Смеюсь, конечно! Жить в постоянном страхе невозможно, так что я решил для себя: будь что будет, и плевать на все! Я буду жить и бороться. Не хотите оставить меня в покое — пусть вам же будет хуже! Я вступаю в борьбу за трон! Только действовать надо аккуратно, не спеша и имея хорошо продуманный план.
Сперва надо изучить существующие реалии и, уже исходя из них, оценить свои возможности. До серьезной заявки на трон мне надо прожить здесь еще лет пять, пока не стукнет хотя бы пятнадцать. Раньше никто не будет воспринимать меня серьезно.
Эти пять лет не должны пропасть даром; их надо использовать для подготовки плацдарма. Какого и как — я еще не решил! На сегодня у меня есть только один пункт стратегического плана — изучать и вживаться!
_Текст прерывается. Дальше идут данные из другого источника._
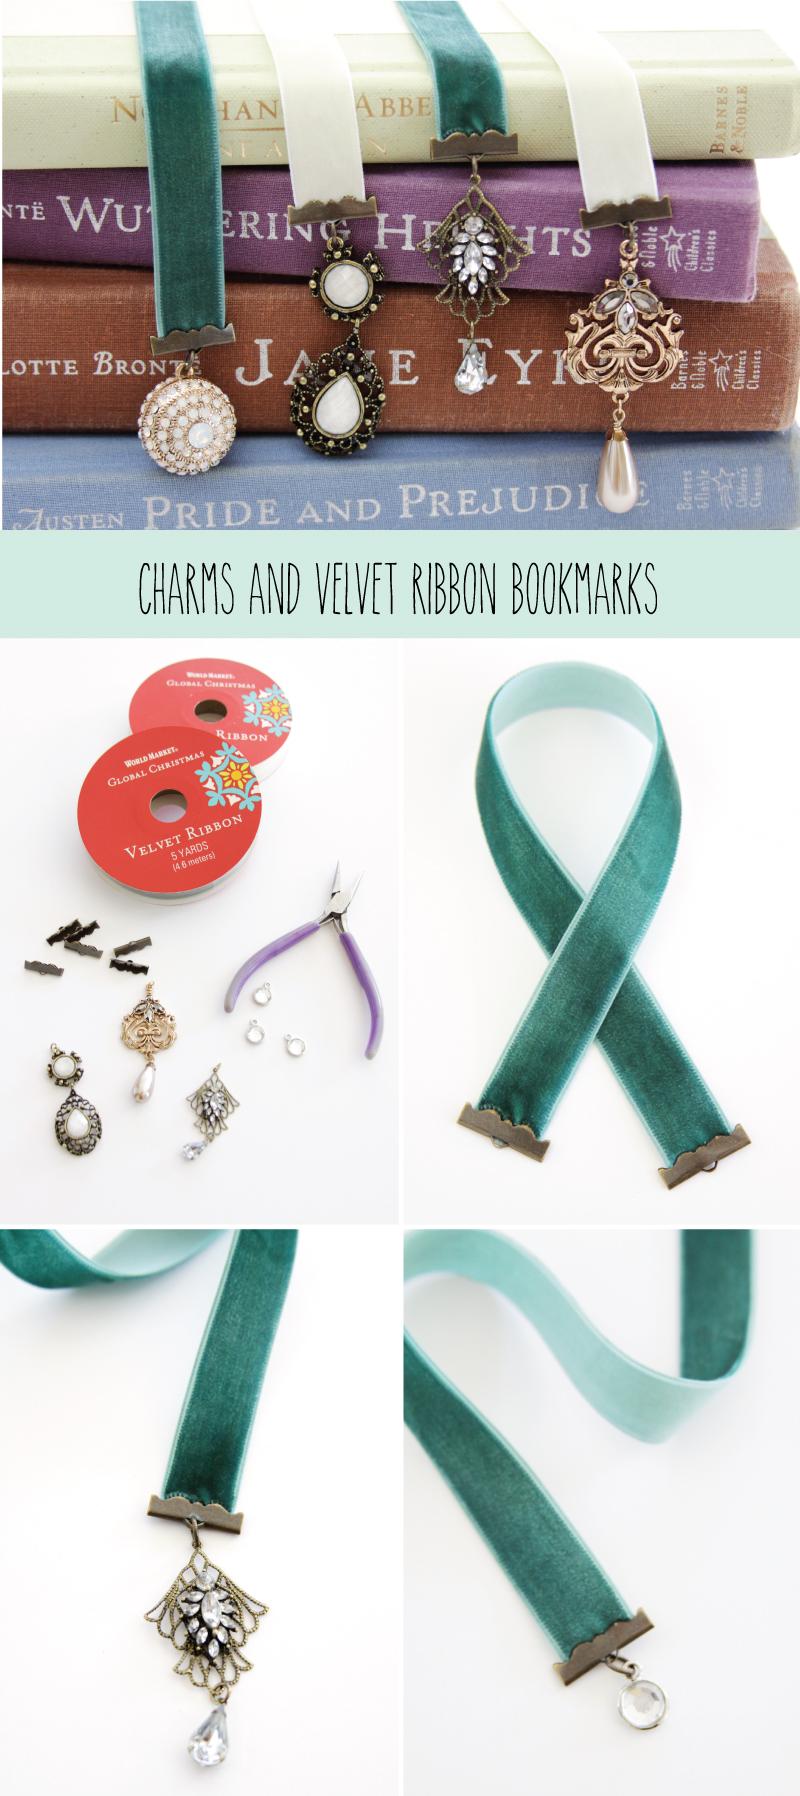 Charm and Velvet Ribbon Bookmarks
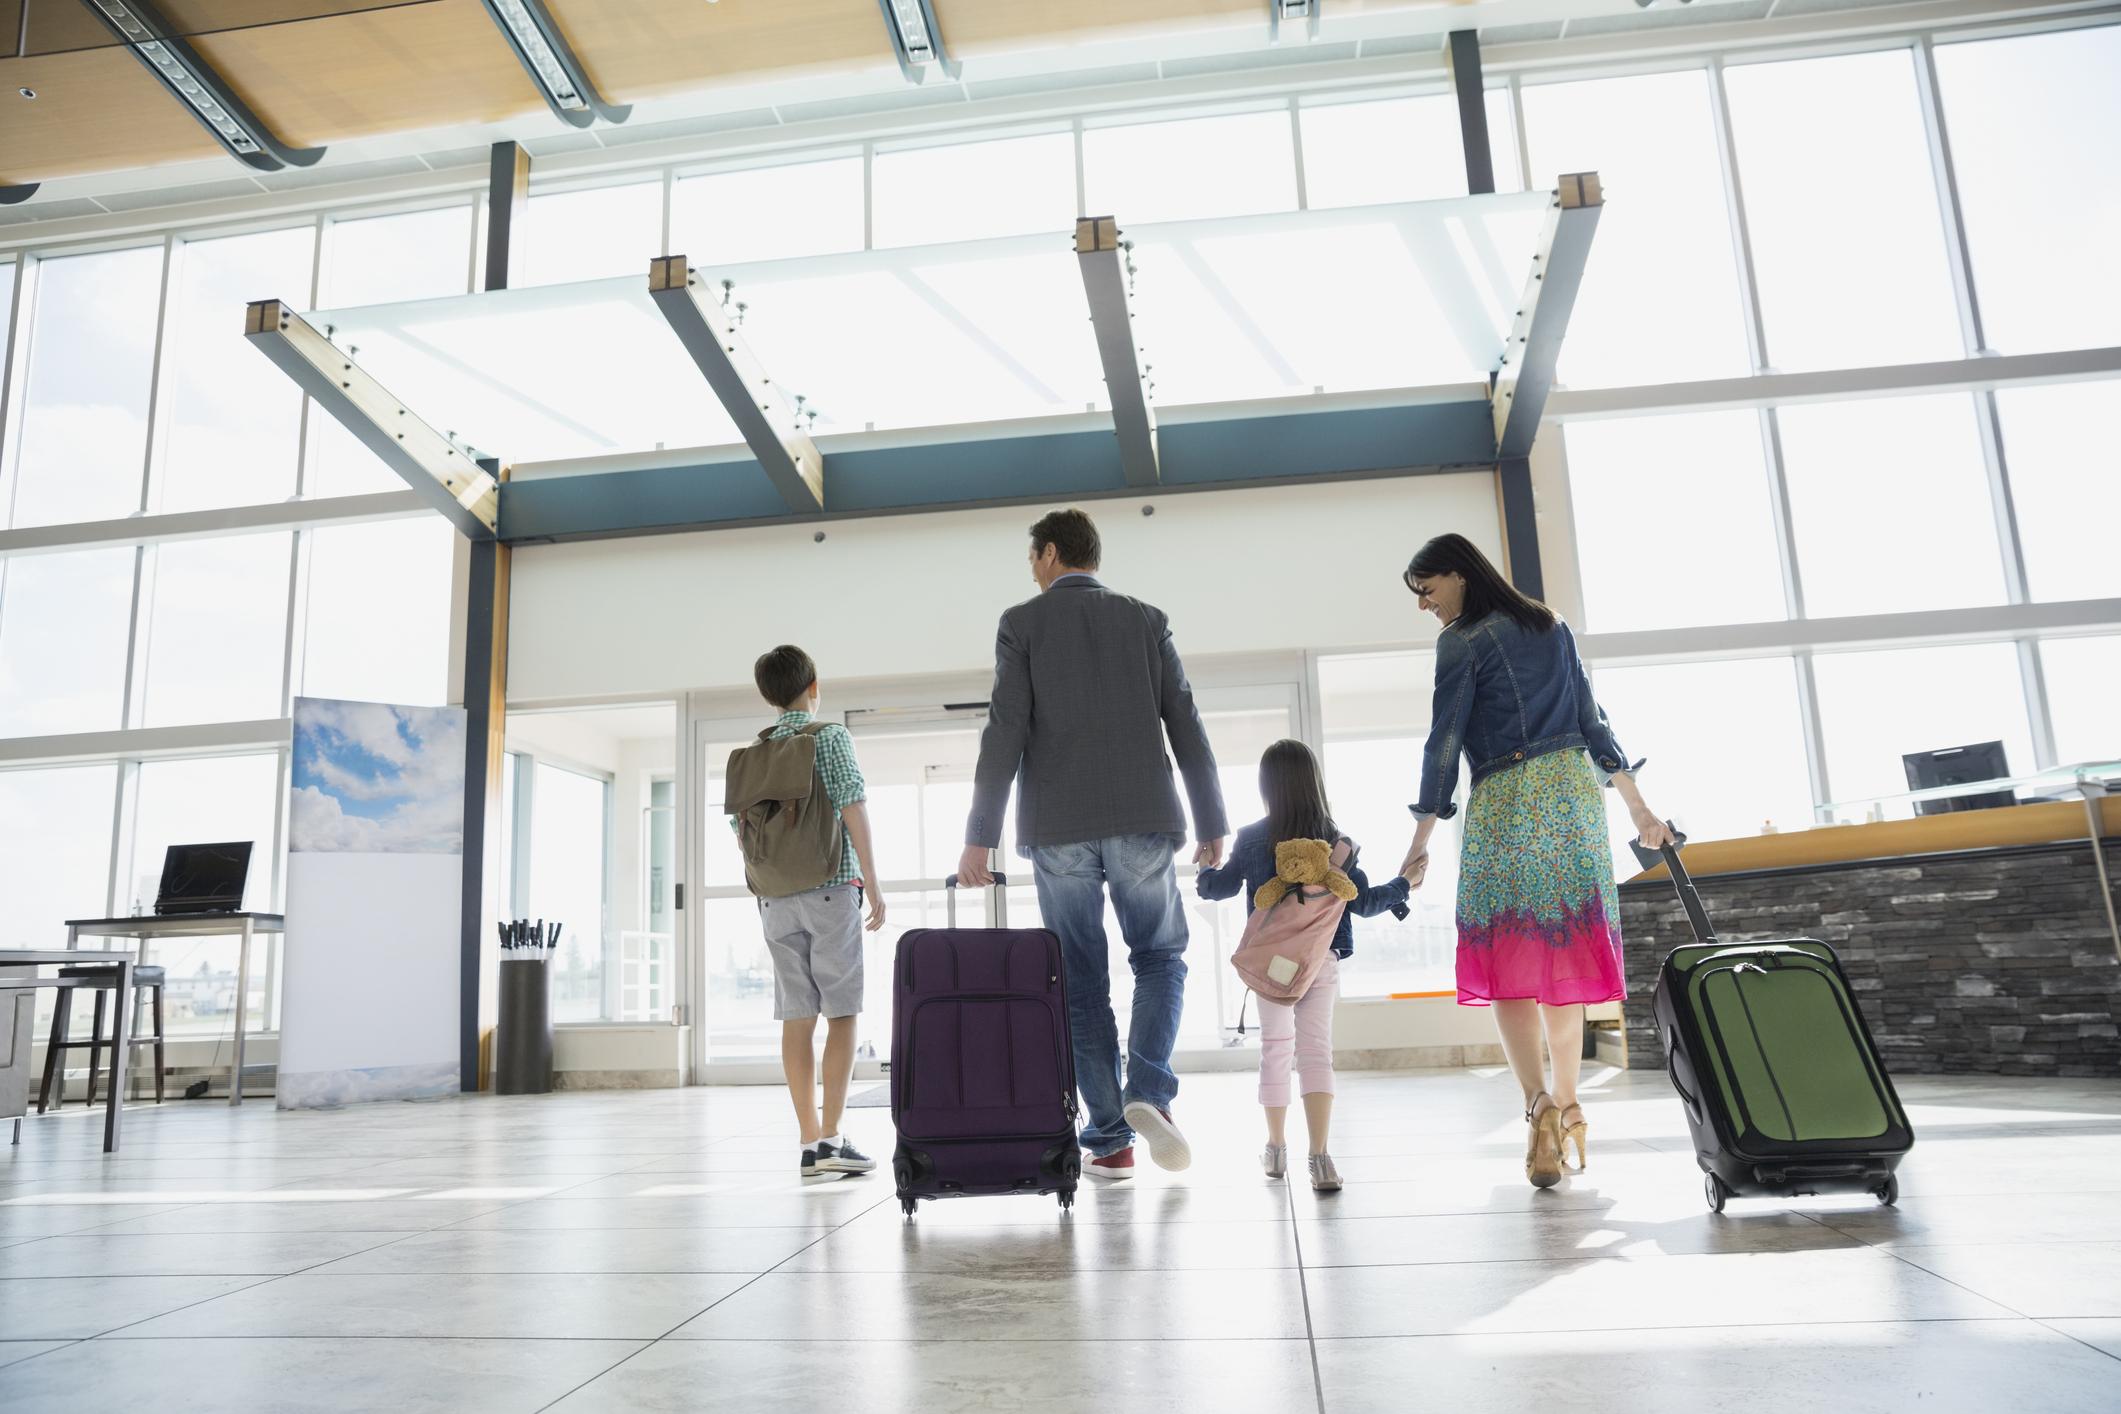 Consejos para proteger tu hogar en vacaciones de invierno

Пока я раздумываю, сириец расценивает мое молчание как элемент торговли и восклицает, воздев руки к небу:
— Эээ, мальчик! — Он вскидывает растопыренные пальцы. — Я же вижу, ты хороший малыш, поэтому специально для тебя сброшу целых десять драхм. Что скажешь?
Ничего не говорю, а молча поворачиваюсь и иду дальше. Вслед мне несутся увещевания сирийца, но я не слушаю. У меня еще много дел! Рынок Вавилона огромен, и, пока я здесь, в городе, мне надо успеть обойти как можно больше.
Я говорю «пока», потому что события идут своим чередом и согласно тому, что я знаю. Очень скоро мамочка вместе со мной должна переехать из Вавилона в Пергам.
Насколько возможно в моих обстоятельствах, я тщательно слежу за изменениями вокруг, и они подсказывают мне, что близятся два события: разборка между регентами и наш отъезд в Пергам.
За прошедшие две недели много чего произошло. Собрание диадохов в большинстве своем поддержало предложение Пердикки, но Мелеагр с таким решением не смирился. Пользуясь большим влиянием у фалангитов, он убедил пехоту в том, что аристократы во главе с Пердиккой попирают их интересы и сажают на престол азиата. Мол, вельможи из конницы ни в грош не ставят желания простых людей из пехоты, а ведь все знают, кто вынес на своих плечах всю тяжесть Великого похода.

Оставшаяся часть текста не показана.